2 Oprah Winfrey. Her touchy-feely "share your pain" confessional shtick wasn't to everyone's taste, but there's no denying how ground-breaking, influential and massively successful Oprah has been. She basically invented an entire new genre of TV; the world loved it and continues to love it.

3 Graham Norton. Witty, clever, playful, ironic and refreshingly free of BS: the Corkman is pretty much ideal for handling all those celebrity egos.

4 David Letterman. A legend of late-night US television, "The Dave" has always struck us as cut from a slightly different cloth to his Stateside peers: he's a little more laidback, sarcastic and urbane, not quite so eager to please. Those are all good things.

5 Michael Parkinson. Another legend of broadcasting, he got attacked by emu, frozen out by Meg Ryan and sparred with Muhammad Ali - and through it all, the unflappable Yorkshireman carried on regardless.

6 Jon Stewart. An unusual mixture of satire and serious programming, The Daily Show has become a certifiable phenomenon since first airing in 1999. Stewart has been an intelligent, droll and affable host, though he recently announced his impending retirement.

7 Dame Edna Everage. The brainchild of writer Barry Humphries, Dame Edna was an average housewife from deepest Australian suburbia, who somehow found herself a star on British television. Sounds gimmicky, but it was rather clever and funny, possums.

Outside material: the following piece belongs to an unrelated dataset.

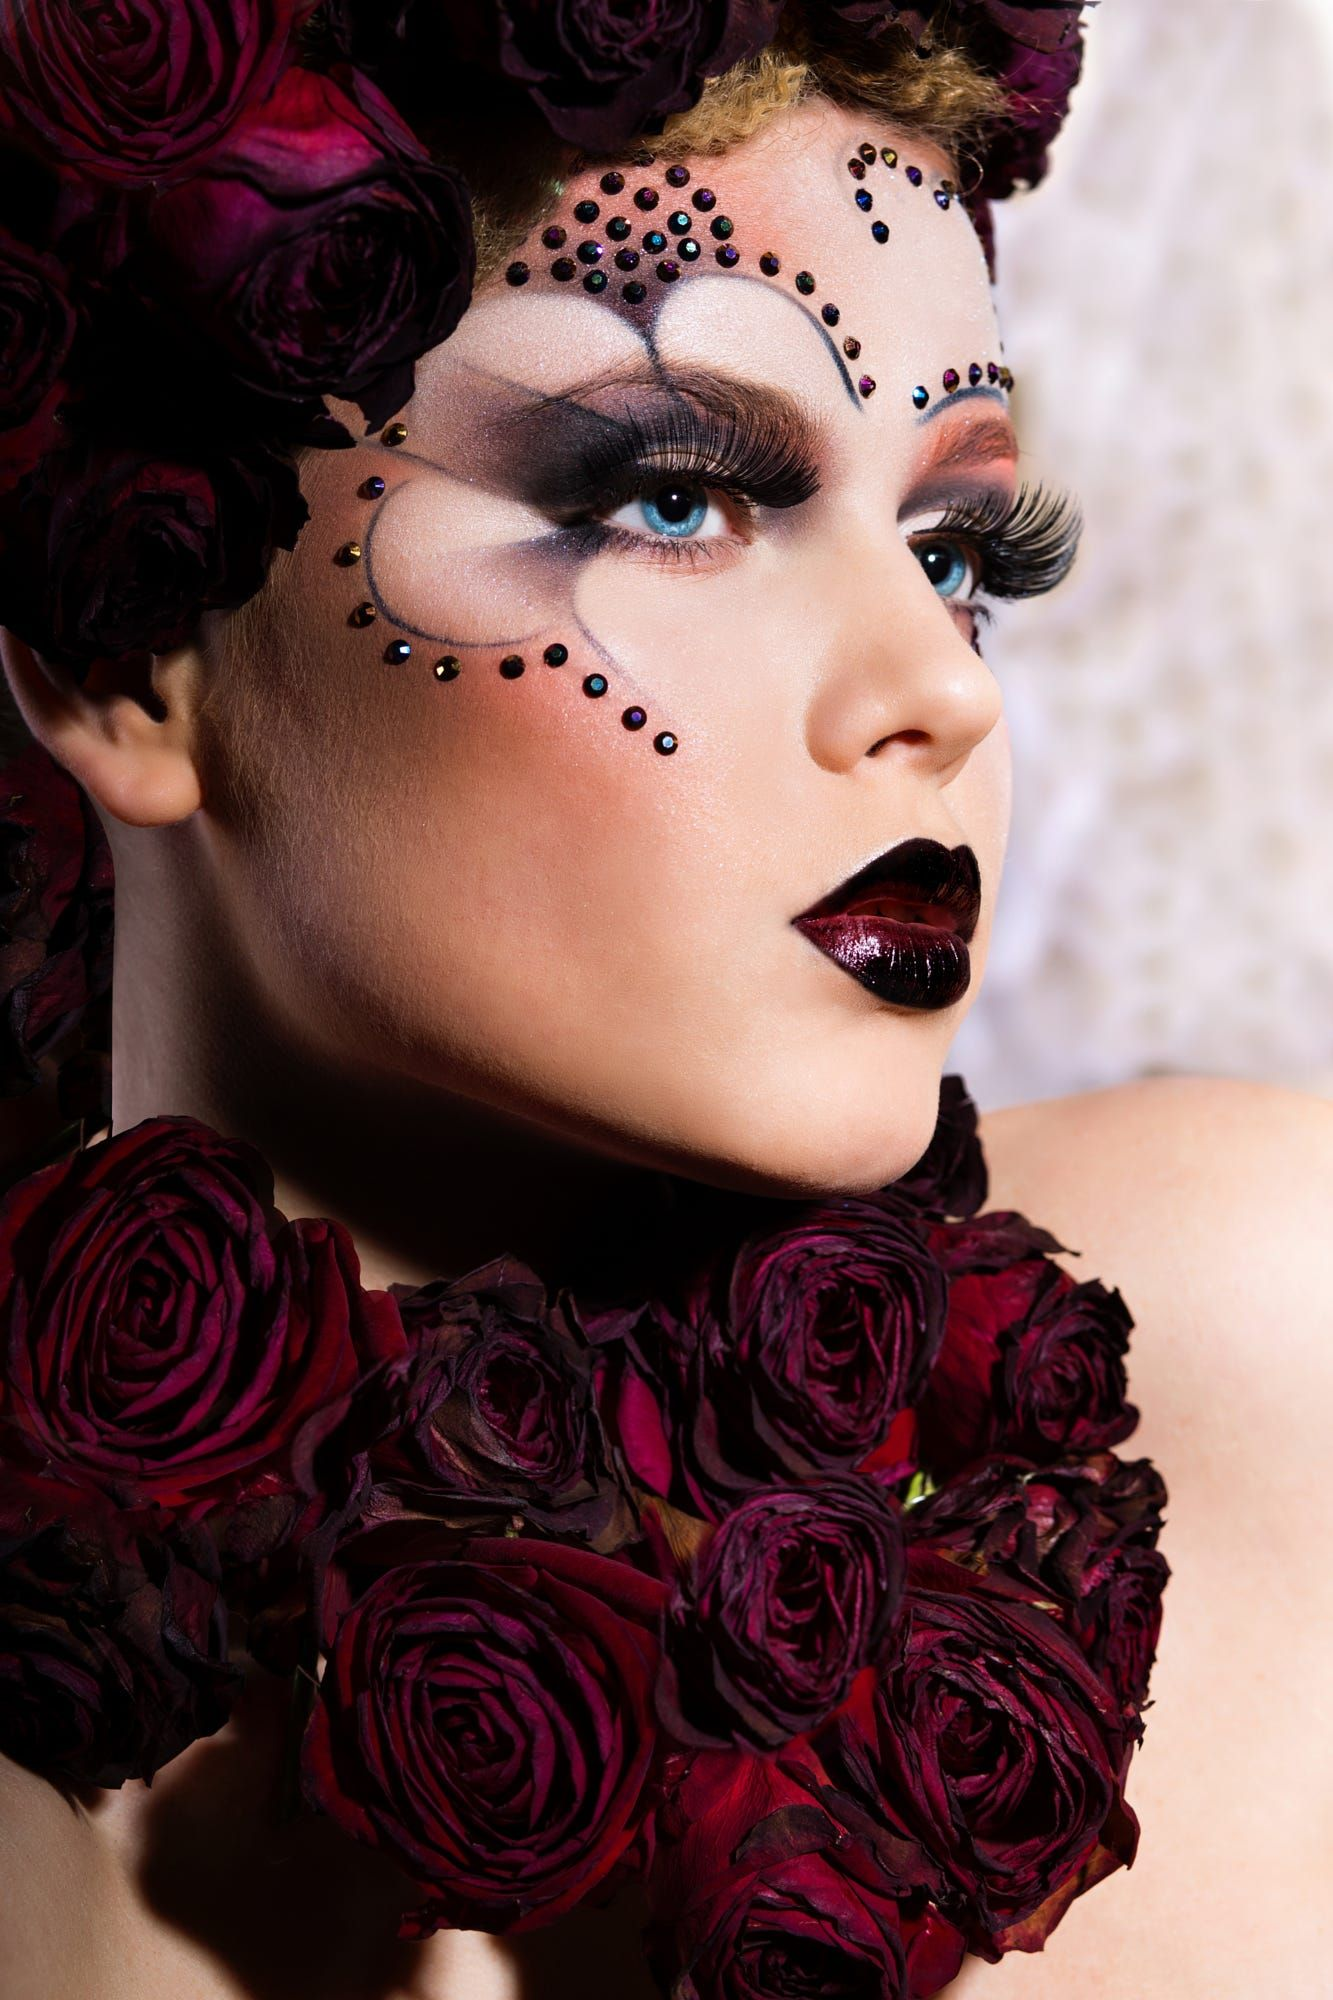 yana by Elena Sikorskaya Extreme makeup, Artistry makeup
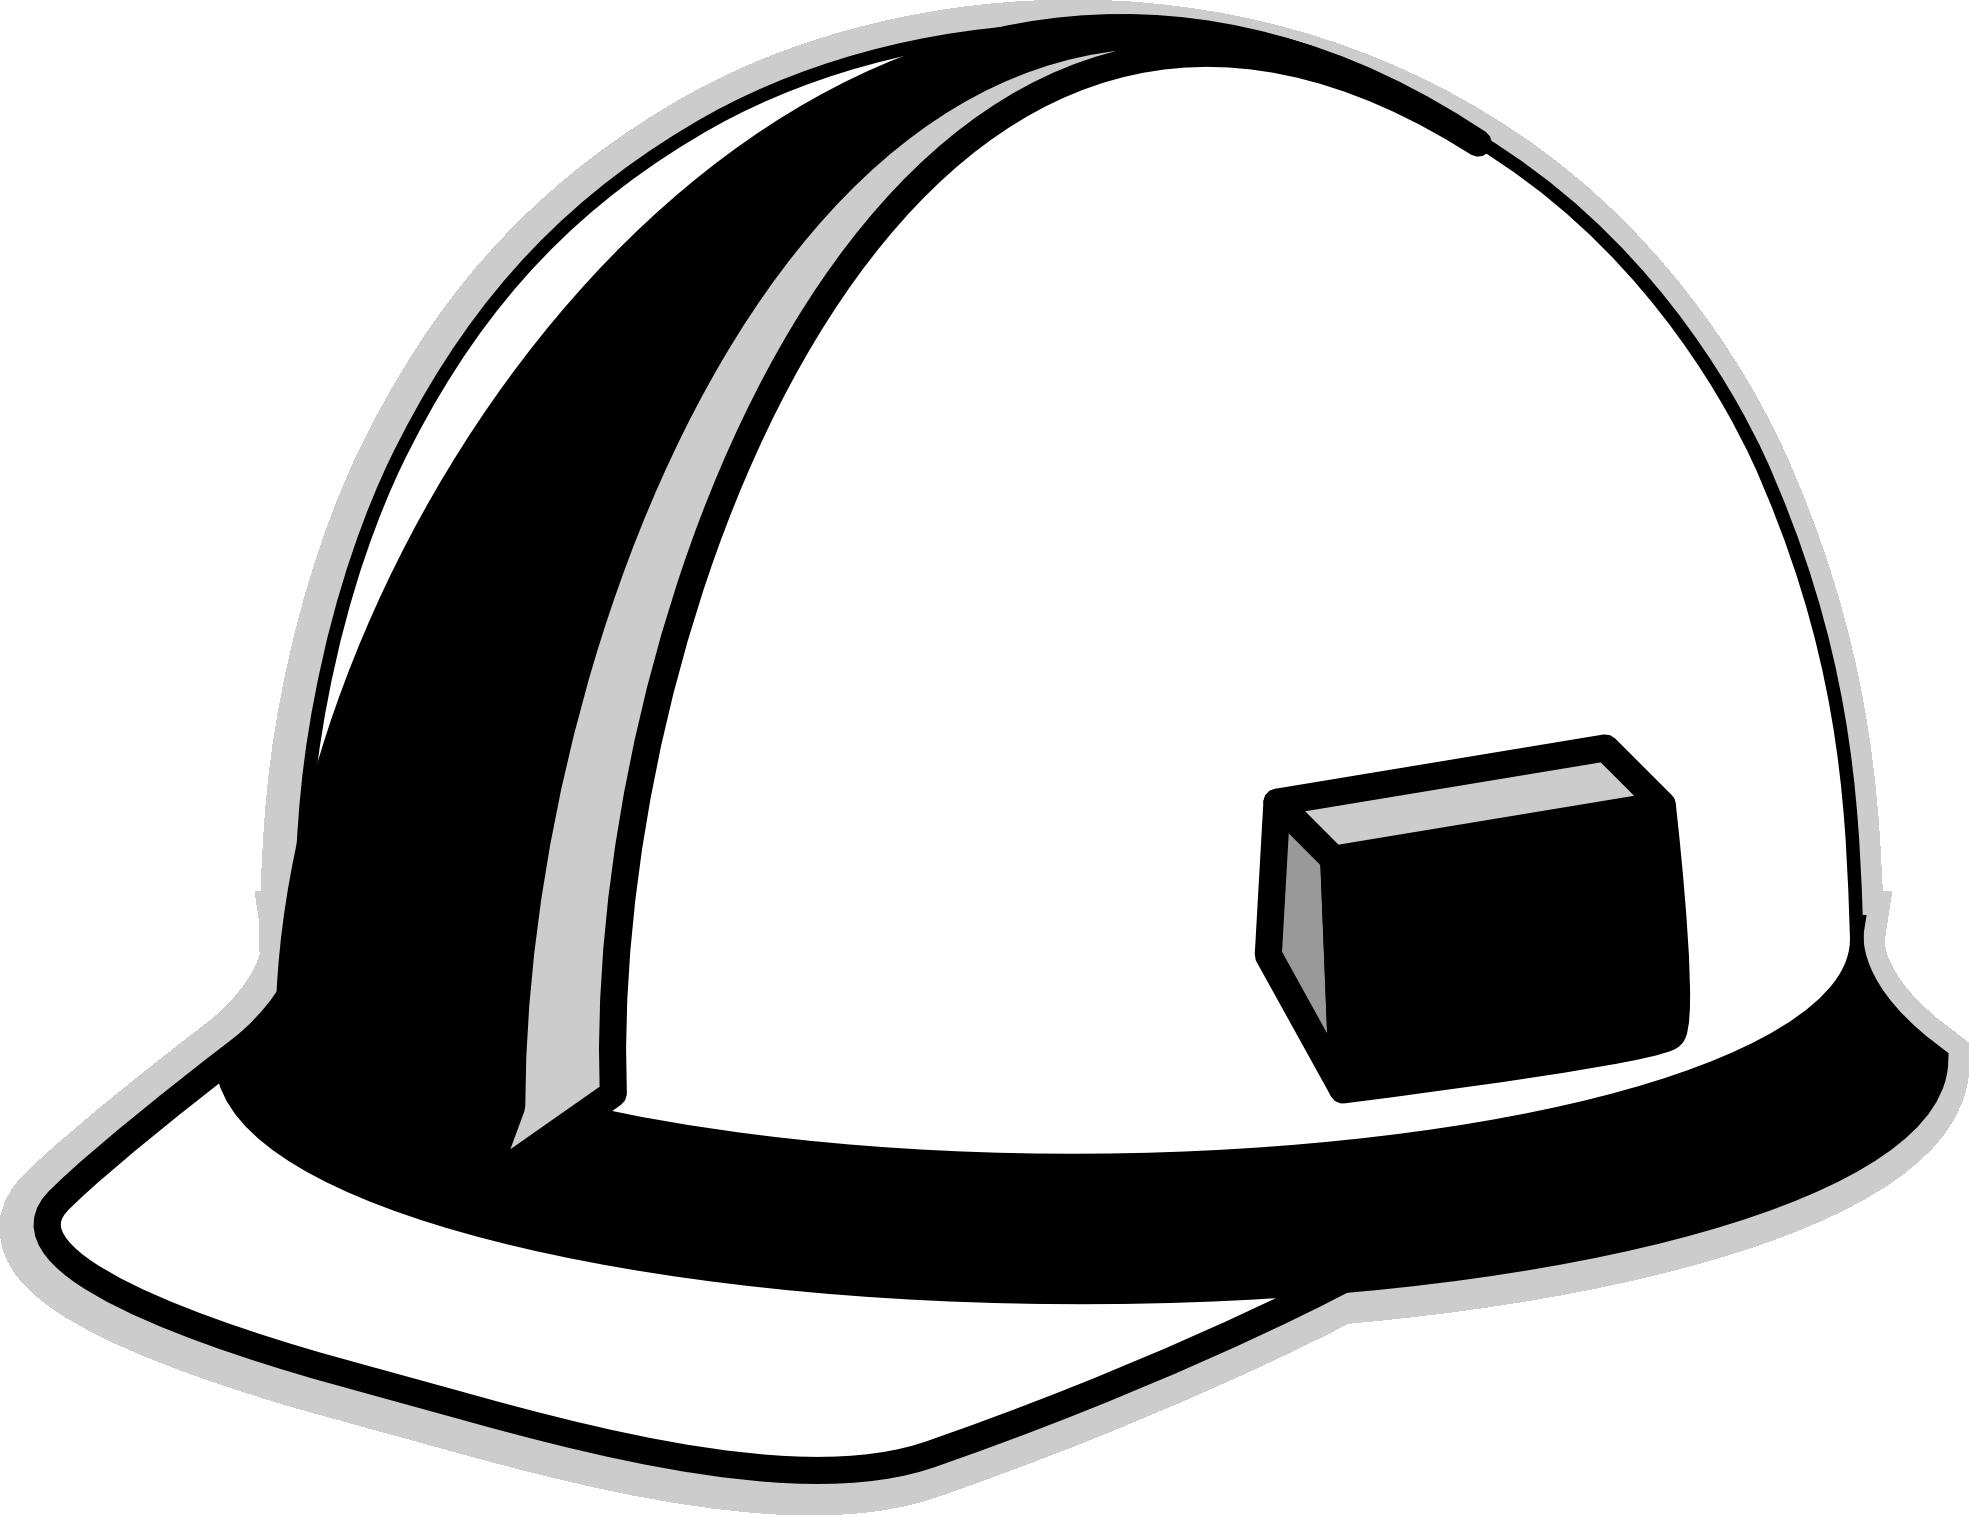 Backwards baseball cap clipart transparent download Hat Clipart Black And White transparent download

8 Ellen DeGeneres. Some of us still remember her most fondly from that 1990s sitcom in which she played the owner of a bookshop. But Ellen has become even more successful over the last decade, with her breezy, silly, funny chat show.

9 Terry Wogan. The Limerick man's self-titled chat show, which ran from 1982 to '92, provided several all-time great moments, including that time David Icke claimed to be the son of God. Really.

10 Pat Kenny. With a new show that has begun on UTV Ireland, Pat has proven his durability. And for all the vitriol he endured during a decade at the helm, his Late Late Show was actually often better than it was given credit for.